When implementing these changes, Fiona distinguished between “must-unify” and “leave-to-subgroups.” Core principles that must be unified: Every team member must use Claude Code (including cross-functional partners, including Cowork); automate as much work as possible with Claude (internally called “claudify everything”); and explicitly allow killing old processes that no longer serve people.

For the last point, she gave a specific example. The Claude Code team used to have stand-up meetings, which changed to filling out weekly progress in a shared spreadsheet as the team grew. One day, looking at this huge table, she felt bored: because the information was already available where Claude could read it. Why not have Claude write a summary script and post it, allowing anyone to pull up status summaries for others at any time? This is infinitely better than chasing people to fill out forms.

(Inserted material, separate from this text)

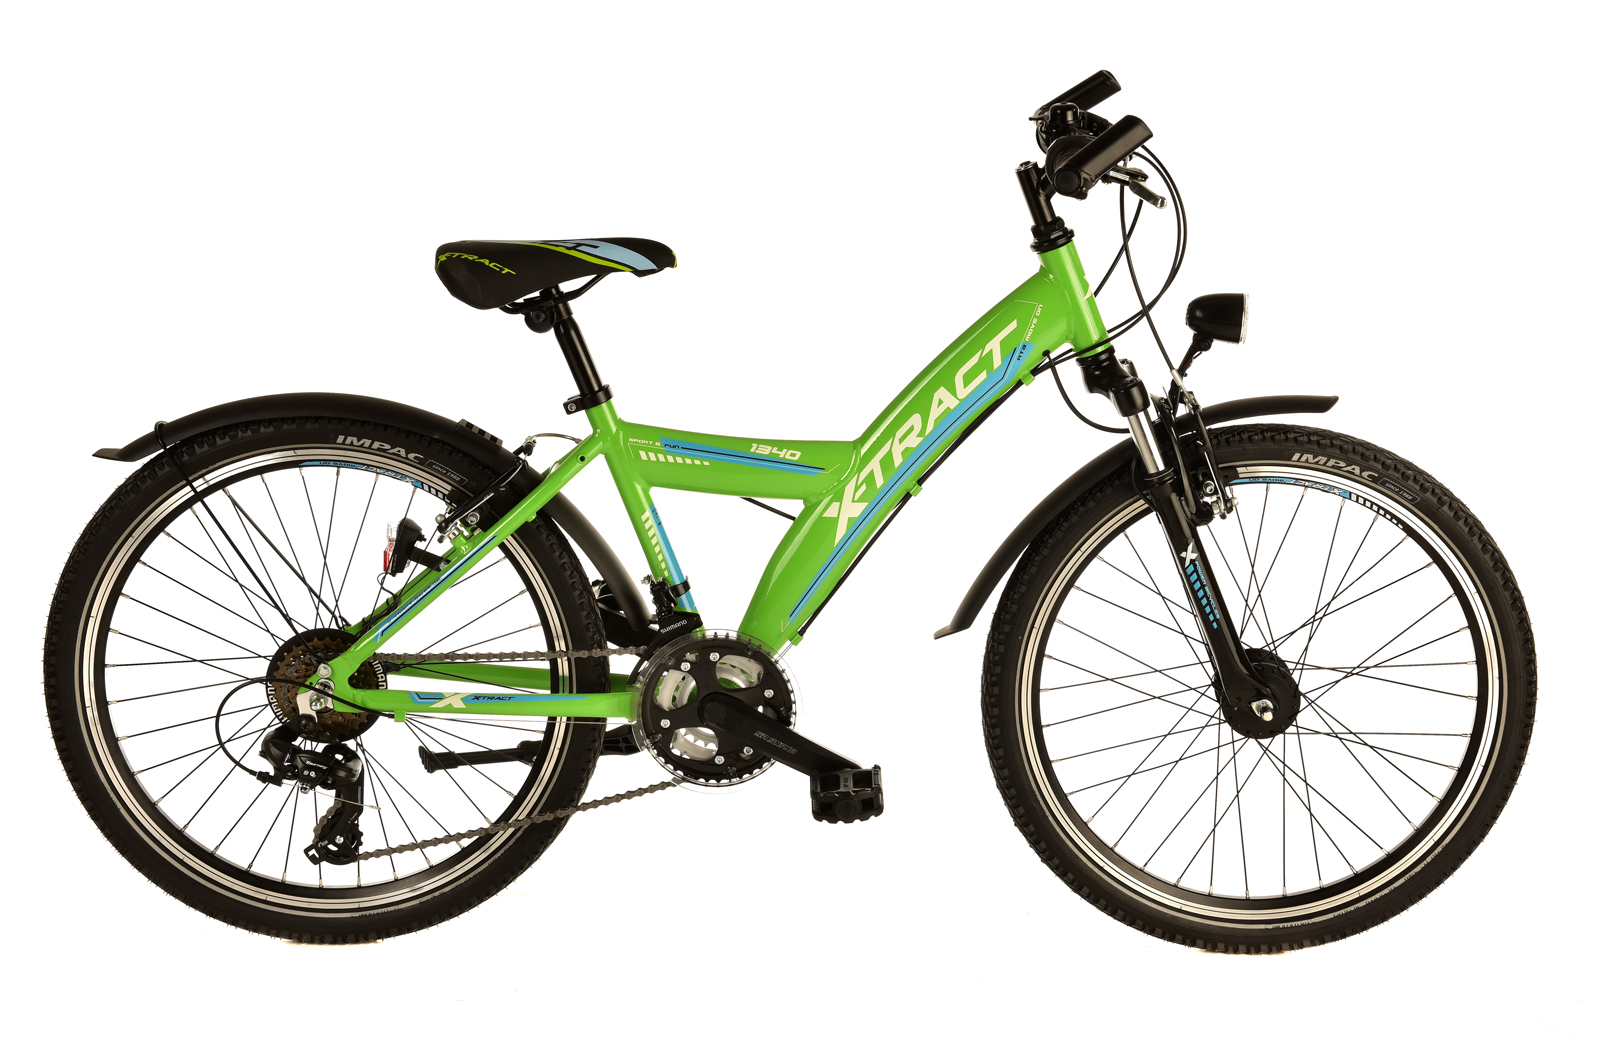 X Tract 1340 Feldmeier Bikes

However, the space left for subgroups to decide is also clear: Bug triage mechanisms, scheduling rhythms, on-call rotations, and which workflows have higher priority to be automated with Claude are all left for subgroups to decide.

[10] Three Observable Metrics, and One Warning

She didn’t reveal specific numbers, but highlighted three directions:

New hire ramp-up time has dropped significantly. Engineers, designers, and PMs in the new team are producing effective output much faster.

The PR lifecycle has shortened noticeably. She mentioned in passing that this is a metric worth digging into, because its changes reflect not only the team’s acceptance of AI tools, but sometimes also expose shortcomings in downstream infrastructure, such as CI (Continuous Integration) pipelines or product infrastructure environments that simply cannot handle the engineers’ current surge in commit rates.

The coverage ratio of commits involving Claude is increasing. In the atmosphere of the Claude Code team, having Claude assist with every commit is the default normal operation:

I don’t think I’ve seen a non-Claude-assisted commit in the last four months or so.

However, she explicitly added a warning in the metrics section: Do not just look at “how much code is generated by AI.” Press releases from various companies boast higher and higher percentages, but throughput itself is not the goal. You need to look back at what problems you are solving, and whether product quality and reliability are maintained.

[11] Three Things She Still Hasn’t Figured Out

At the end of her talk, Fiona admitted that there are three questions for which she still has no answers:

First, whether the traditional division of “iOS Team + Android Team” still makes sense after engineers can work cross-platform.

Second, how far automated review should go. The boundary of “trust but verify” will shift again with model upgrades. She referenced a talk earlier that day about model capabilities, meaning that how much review is handed off to Claude is not a one-time decision.

Third, how to ensure everyone feels a sense of contribution after roles blur. When engineers can create content, PMs can write code, and designers can fix bugs, traditional attribution of output becomes blurred, and designing for a sense of fairness is a new challenge.

Her final advice to the audience was actually very simple and direct:

Pick your noisiest workflow… and ask if it’s still really serving its purpose.

She used her own experience as a counterexample. When leading a previous team, there was an immovable weekly meeting with over 50 people squeezed into a large room. But upon closer inspection, Fiona found that besides those called on to report status (who would pretend to look up), everyone else was silently typing on their keyboards. She simply asked one question: “What are we even getting out of this meeting?” and it was unanimously agreed to cancel it on the spot.